Tuesday, April 7, 2015

clinic tidbit


Yesterday I saw for the last time the very first patient I ever saw in clinic during my residency. I don't think she likes me all that much so it wasn't a particularly poignant farewell (Me: I know you don't like seeing the doctor, but I wanted to see you once before I left. Her: Okay. You're a doctor now?). But I love that after three years, I have a panel of patients who I know well, both medically and personally.

The other day in clinic, one patient gave me a stuffed animal and a silver dollar as a farewell gift, another brought me Filipino fried treats, and another asked to take a photograph together when I told him I was leaving. While the nature of this work relies on less concrete rewards, no one is immune to enjoying feeling appreciated.

Monday, April 6, 2015

stress rash


When I started my first month in the hospital as an intern, I developed a rash in multiple areas of my body. I'm pretty convinced that it was from the stress of the work, though at one point I was also worried like every other intern working at the county hospital about having gotten scabies from a patient. Luckily this wasn't the case, but this went on for several months and my skin started to darken where I'd been scratching a lot--over my back, thighs and ankles. I went to the dermatologist who didn't tell me much other than to use steroid cream to prevent scratching, because the darkening could be permanent, and that actually if the darkening hadn't gone away by now it was likely to be permanent. This bummed me out, as probably my favorite thing about my superficial self is my skin tone. But I didn't pay much attention since I don't see my back much, which is where most of the changes were. Recently I've noticed that my skin has returned to normal, so I suppose it just takes awhile to recover.

But in the meantime, as I near the end of my residency and just finished the two hardest months of my training, with 30 hour days and living like a vampire while working nights, I've re-developed this stress rash in a lot of the same places. I'm trying my best to de-stress and recover, but it takes time and I've continued to have the rash despite now being on a normal, human schedule.

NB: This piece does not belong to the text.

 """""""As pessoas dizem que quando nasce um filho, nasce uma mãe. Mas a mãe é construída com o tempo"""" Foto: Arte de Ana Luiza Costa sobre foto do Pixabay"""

It makes me think a lot about well-being, and the importance of active self-care. Because during those hard months, you just tough it out and think that it will be over soon, but the effects can be sustained even after the struggle. Your skin might permanently change color from what you did to yourself for a short time.

As someone who does a lot of self-reflection and active planning, I tend to think that I can surmount most things with lists and motivation and hard work. As a result I often take on difficult things feeling like I can get through it and stay balanced and normal, be in perfect shape emotionally, physically, concretely and philosophically. Residency has humbled me a lot, showing me that it's important to be mindful of what I take on and how it's affecting me, because no one can balance their lives during residency. There are many moments where it will be pose barriers to your health, relationships, and self-image.

Moving forward, I think the most important things are: 1) treat your mind and body well after the rough times, to allow it to recover, and 2) look back and see the worth of the sacrifices, because despite the difficulties there is much, much good. So as I have faith that my skin will heal, I also know that any scars are remnants of my battles--battles with some false pretenses and empty goals, but also with deep learning and real effects on other people and my own growth.